┌────────
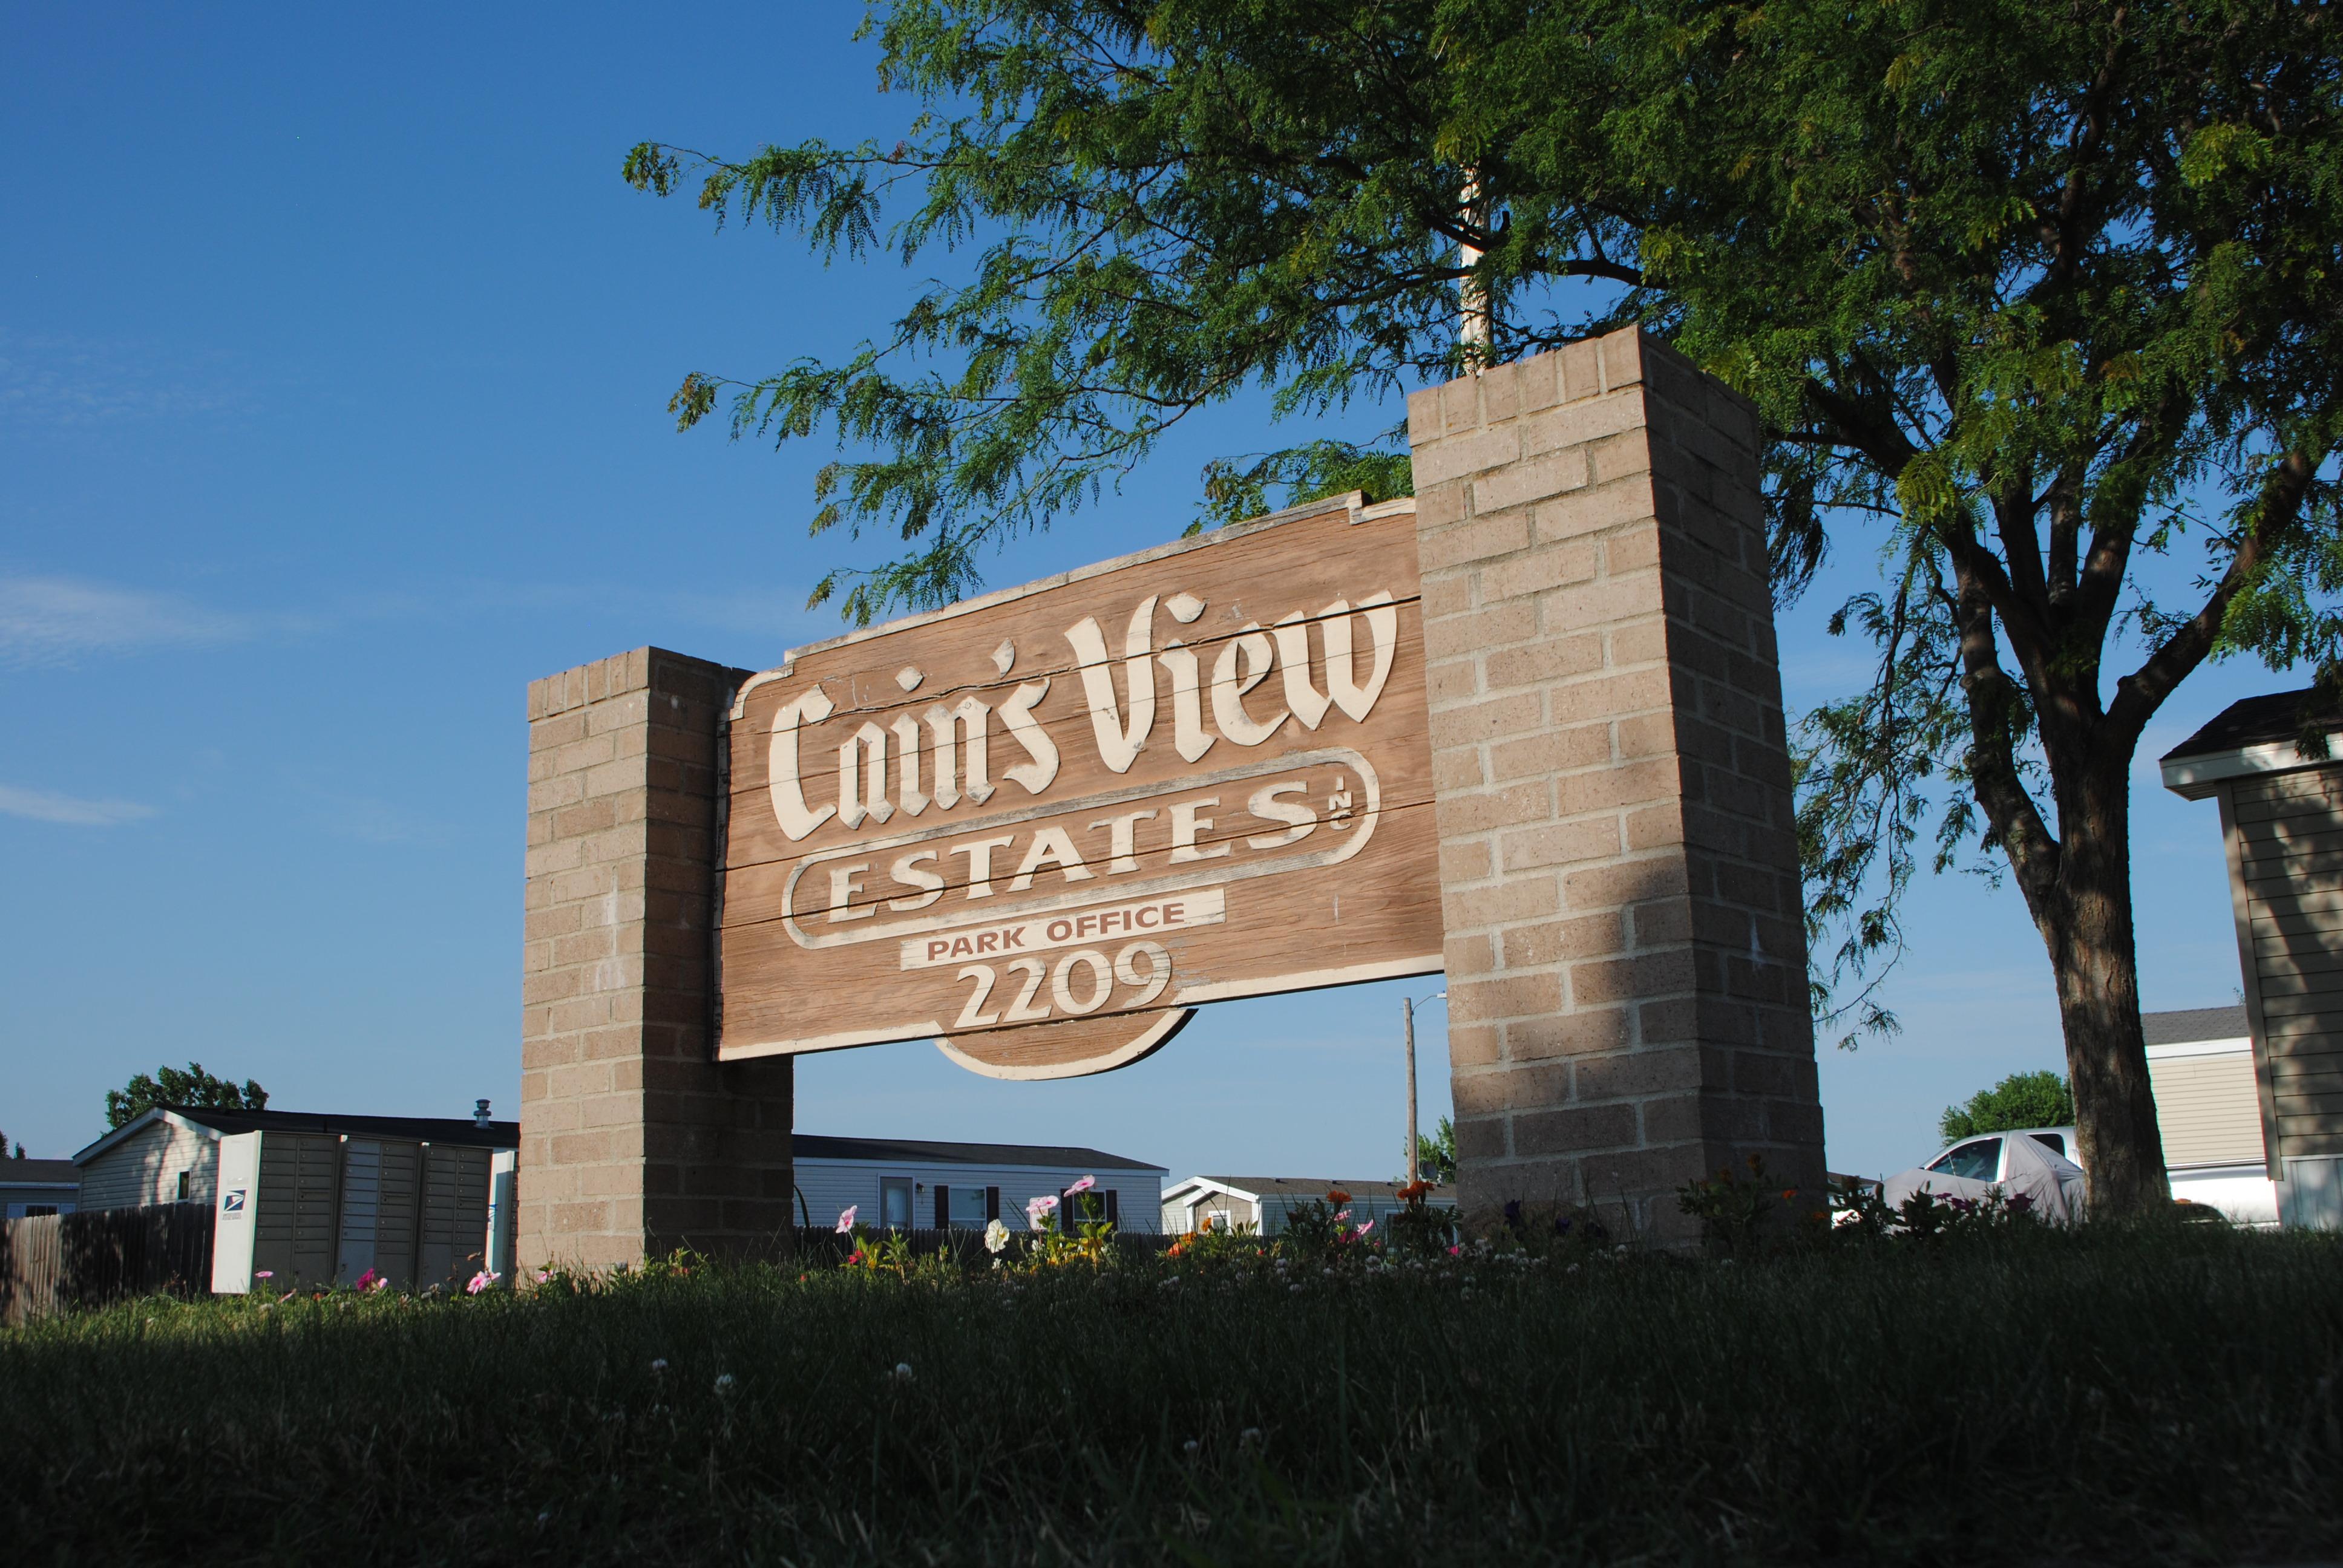 Cain's View Estates
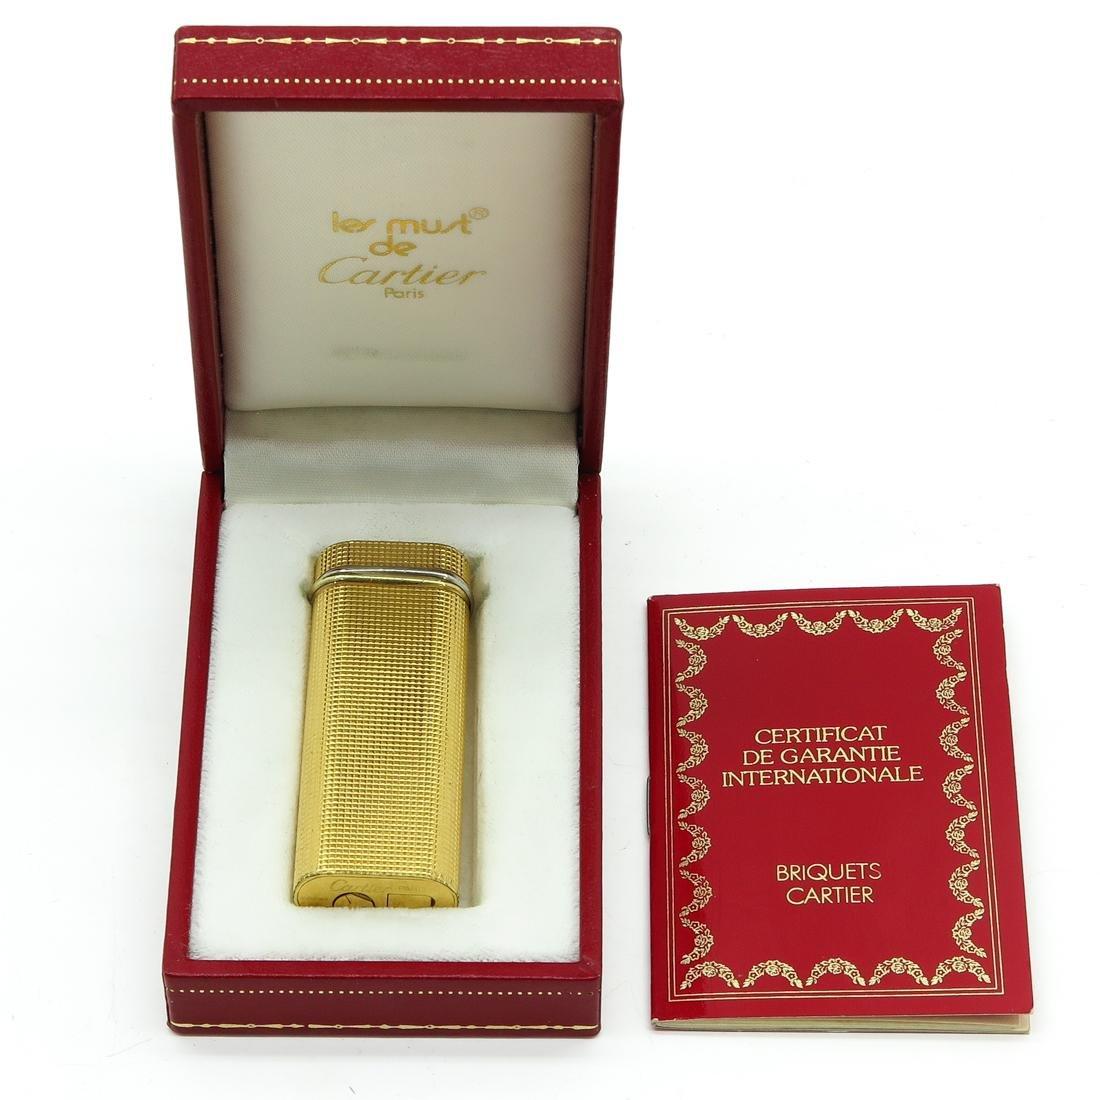 Cartier Lighter in Box
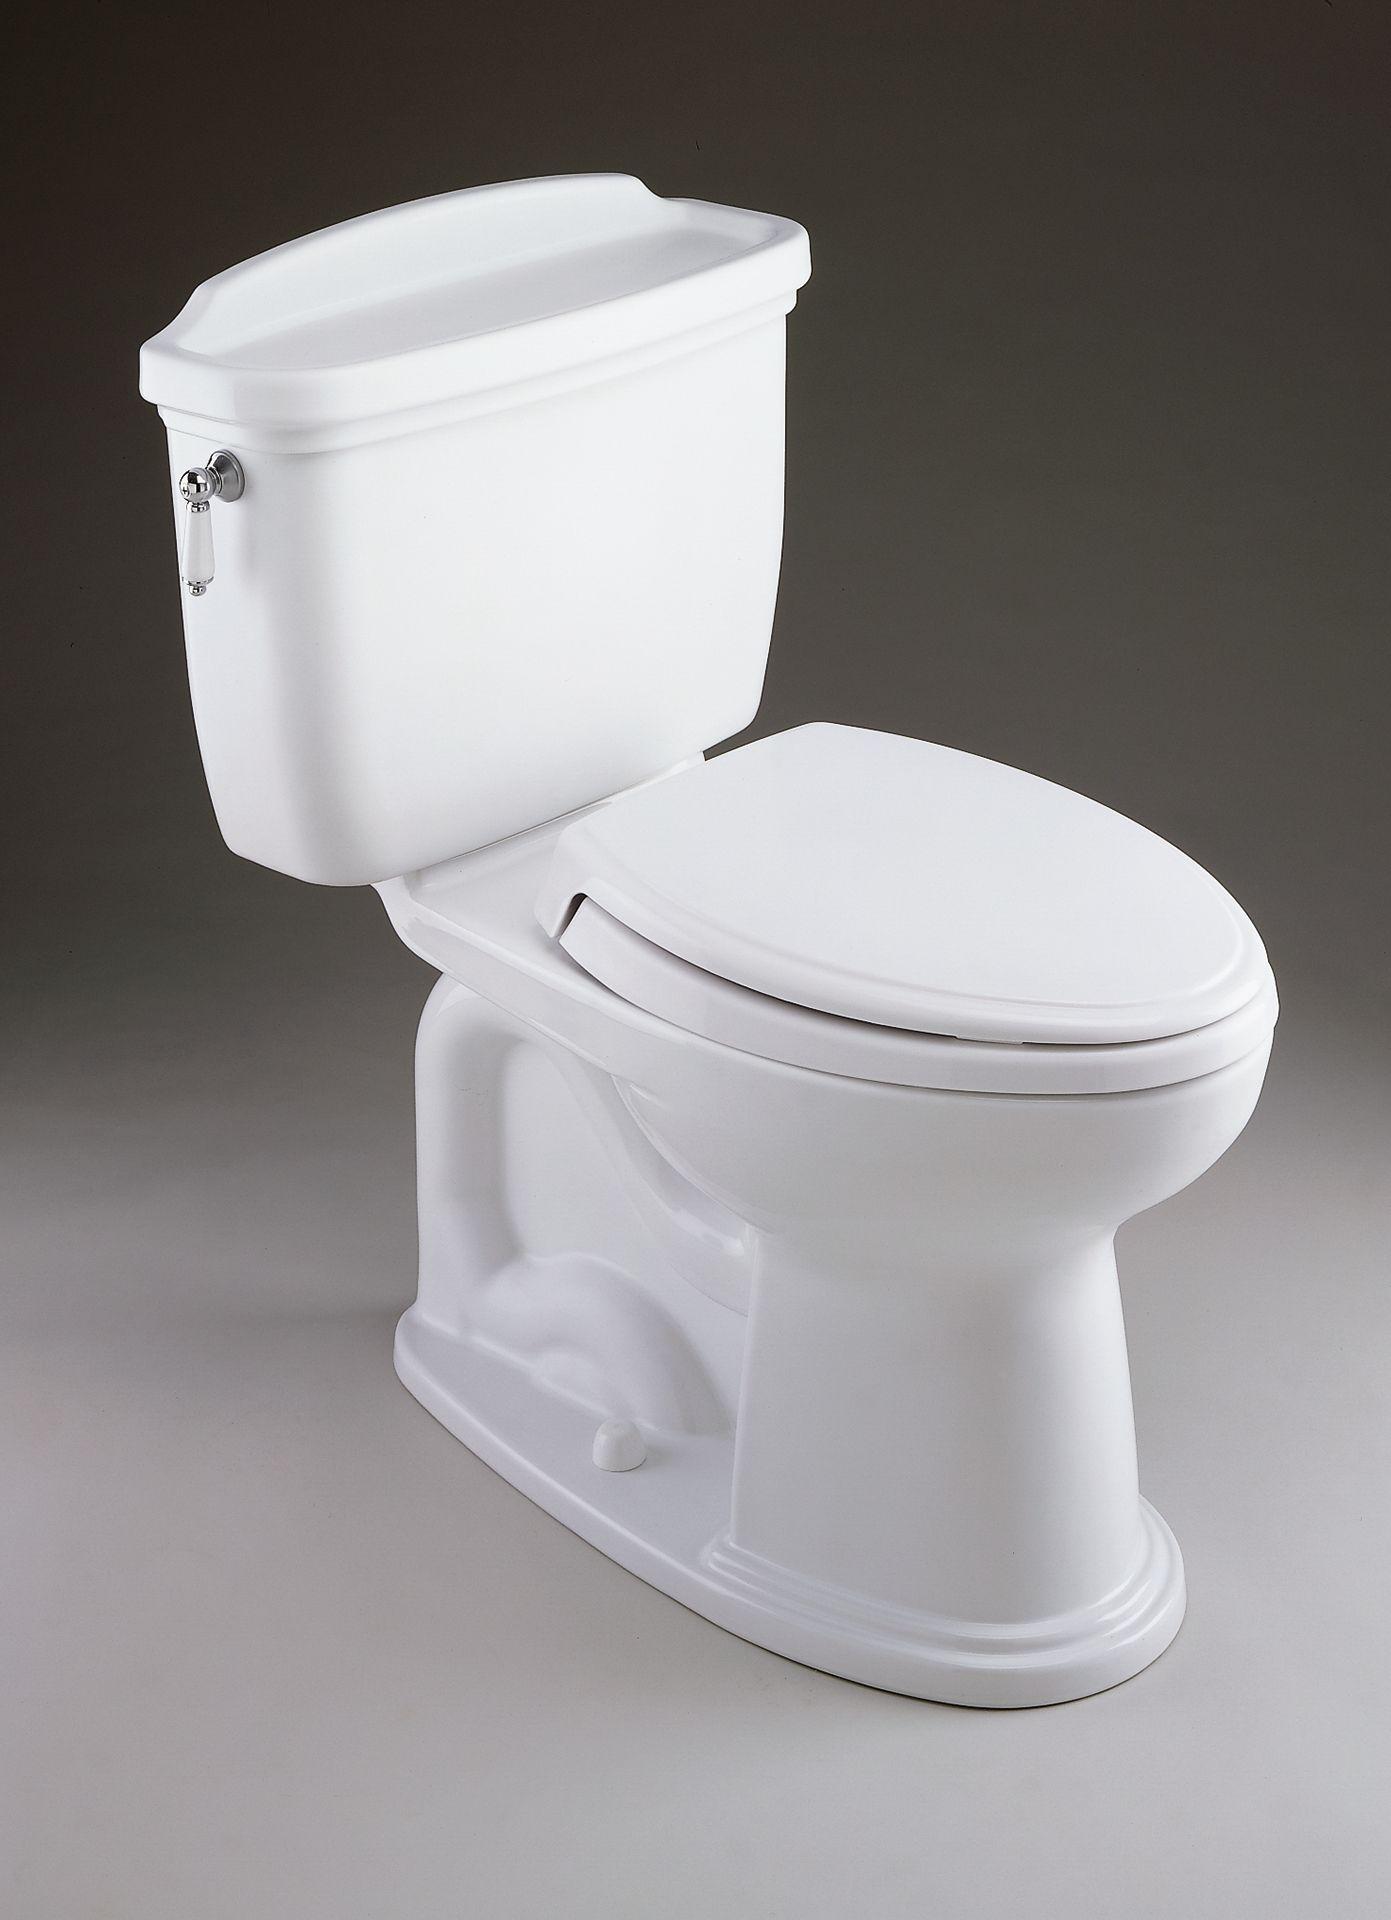 Eco Dartmouth® Two-Piece Toilet, 1.28 GPF, Elongated Bowl - TotoUSA.com
└────────
Work task |
Would you return the data exactly as written, without the pictures?

Answer |
 Cain's View Estates
 Cartier Lighter in Box
 Eco Dartmouth® Two-Piece Toilet, 1.28 GPF, Elongated Bowl - TotoUSA.com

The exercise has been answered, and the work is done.